CVE-2018-19550
Description
Interspire Email Marketer through 6.1.6 allows unauthenticated arbitrary file upload via surveys_submit.php, leading to remote code execution.
AI Insight
LLM-synthesized narrative grounded in this CVE's description and references.
Interspire Email Marketer through 6.1.6 allows unauthenticated arbitrary file upload via surveys_submit.php, leading to remote code execution.
Vulnerability
Interspire Email Marketer versions through 6.1.6 contain an arbitrary file upload vulnerability in the surveys_submit.php script. The "create survey and submit survey" operation does not properly validate uploaded files, allowing an attacker to upload a .php file. The uploaded file is stored under the admin/temp/surveys/ directory and becomes directly accessible via the web server. No authentication is required to trigger the upload [1].
Exploitation
An attacker can send a crafted HTTP POST request to surveys_submit.php with a malicious PHP file (e.g., a web shell) as part of the survey submission.
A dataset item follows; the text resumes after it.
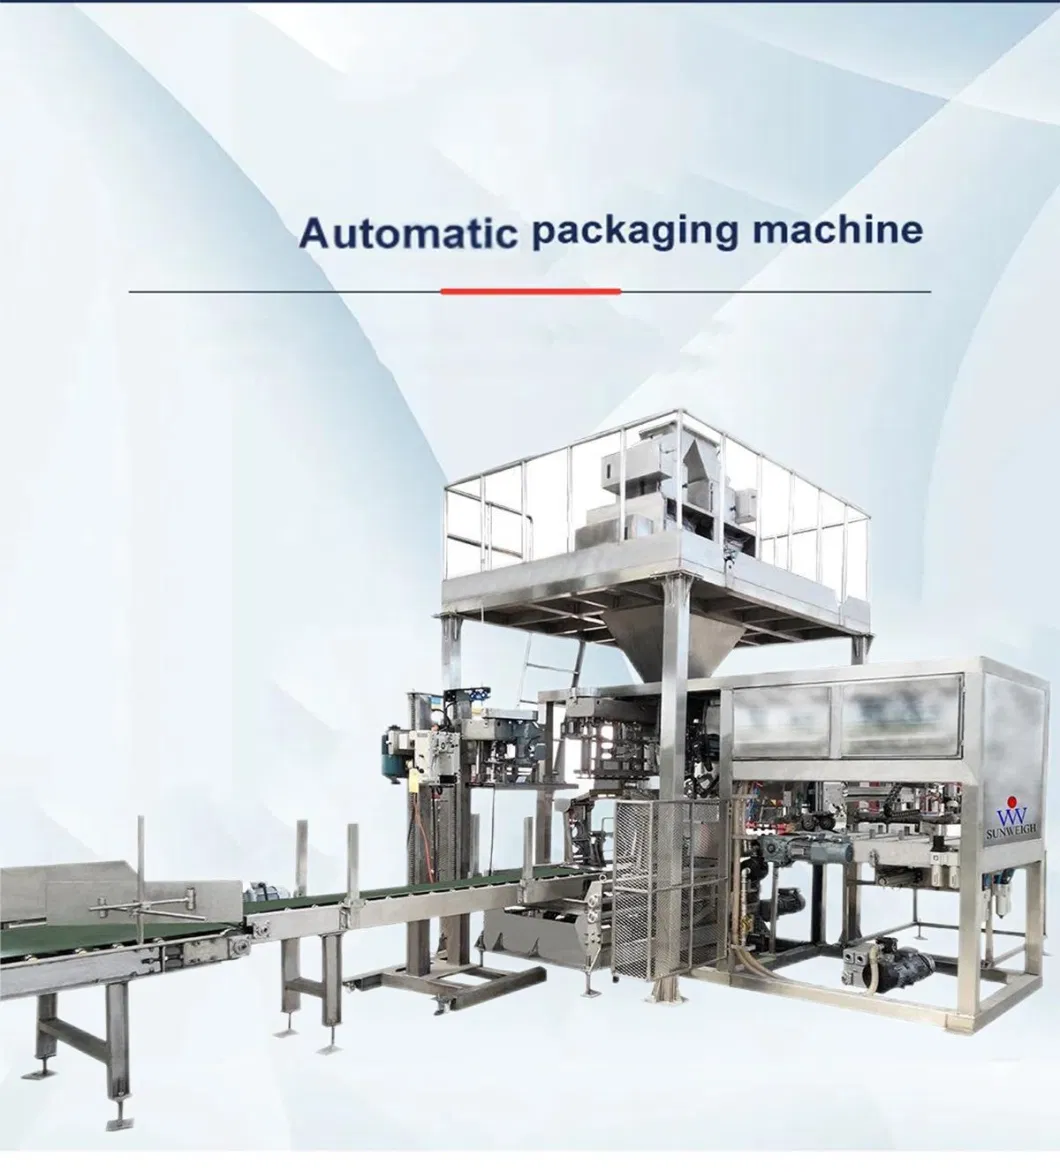 Fully Automatic Industrial Pillow Vacuum Packing Machine for Filling Sealing Packaging Vegetables, Tomato, Pepper, Dates

The file is saved to the admin/temp/surveys/ path with a predictable or user-controlled filename. The attacker then accesses the uploaded file directly via its URL, causing the PHP code to execute on the server [1].
Impact
Successful exploitation allows remote code execution in the context of the web server user. The attacker can execute arbitrary PHP commands, read or modify files, access the database, and potentially escalate privileges to fully compromise the Interspire Email Marketer installation and the underlying server.
Mitigation
As of the publication date (2018-11-26), no official patch has been released for this vulnerability. Users should upgrade to a version later than 6.1.6 if available, or apply strict access controls to the surveys_submit.php endpoint (e.g., require authentication, disable the script, or use a web application firewall to block malicious file uploads). The vendor may have addressed this in subsequent releases; consult the official changelog.
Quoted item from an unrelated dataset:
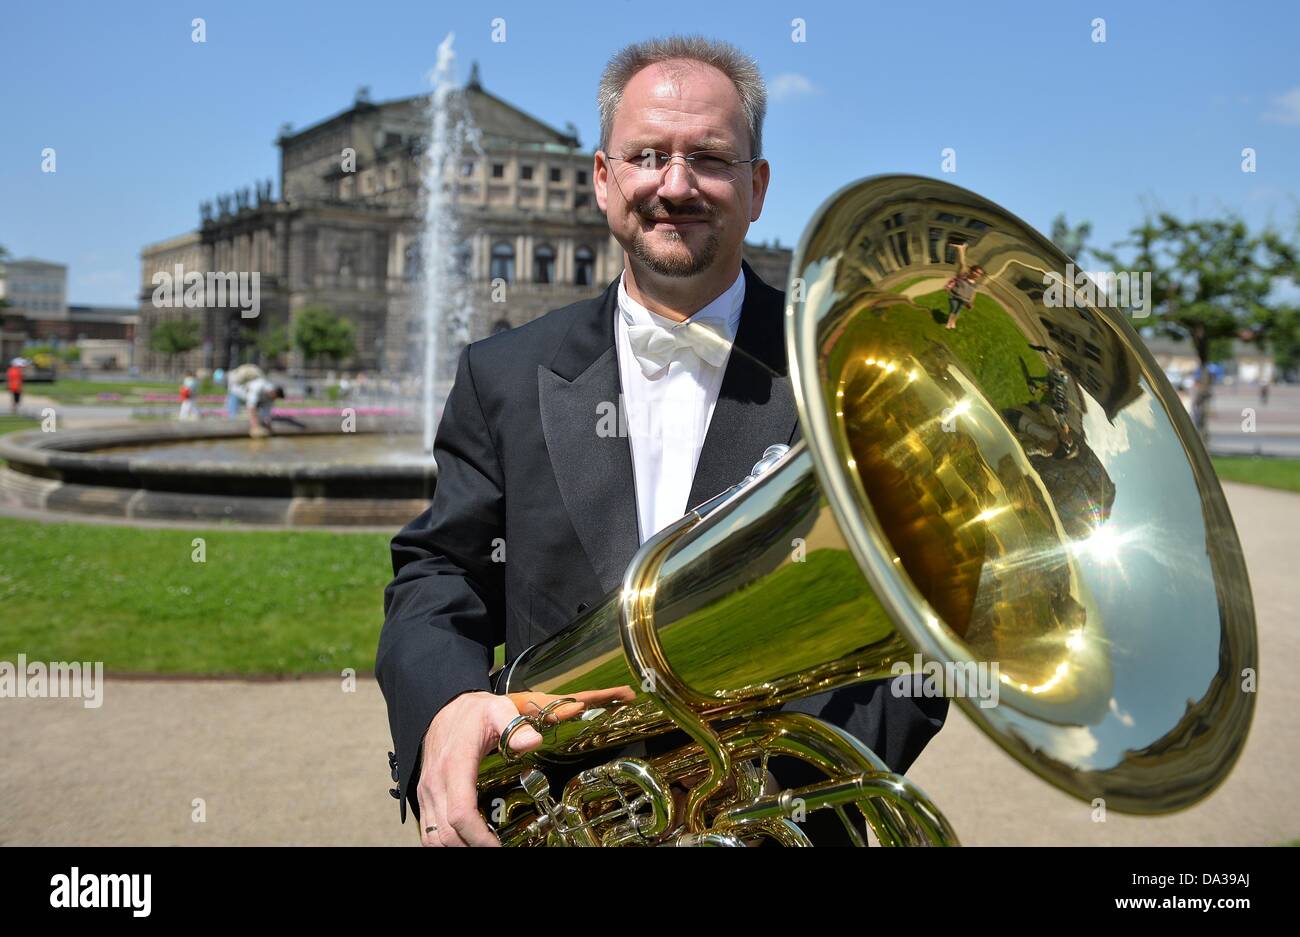 Professor Joerg Wachsmuth, tuba soloits with the Dresden Philharmonie,  stands with his tuba outside of the Semper Opera in Dresden, Germany, 02  July 2013. For the opening of the Dresden city festival

AI Insight generated on May 26, 2026. Synthesized from this CVE's description and the cited reference URLs; citations are validated against the source bundle.
Affected products
1- Range: <=6.1.6
Patches
0No patches discovered yet.
Vulnerability mechanics
Root cause
"The application allows arbitrary file uploads without proper validation of file types, leading to remote code execution."
Attack vector
An attacker can exploit this vulnerability by uploading a .php file through the surveys_submit.php script. The script processes file uploads intended for survey widgets. If the uploaded file has a .php extension, it can be placed in the admin/temp/surveys/ URI. This allows the attacker to host and execute arbitrary PHP code on the server.
Affected code
The vulnerability exists in the surveys_submit.php script. Specifically, the code iterates through uploaded files associated with survey widgets and saves them to a temporary directory. The script does not adequately validate the file types being uploaded, allowing for the upload of executable files like .php.
What the fix does
The advisory does not specify a patch or provide remediation guidance. Therefore, the exact fix is unknown. However, a proper fix would involve validating uploaded file types to prevent the execution of malicious scripts.
Preconditions
- inputThe attacker must be able to upload a file with a .php extension.
Reproduction
The reference write-up [ref_id=1] provides an exploit title and author, but does not contain specific reproduction steps.
Generated on Jun 2, 2026. Inputs: CWE entries + fix-commit diffs from this CVE's patches. Citations validated against bundle.
References
2News mentions
0No linked articles in our index yet.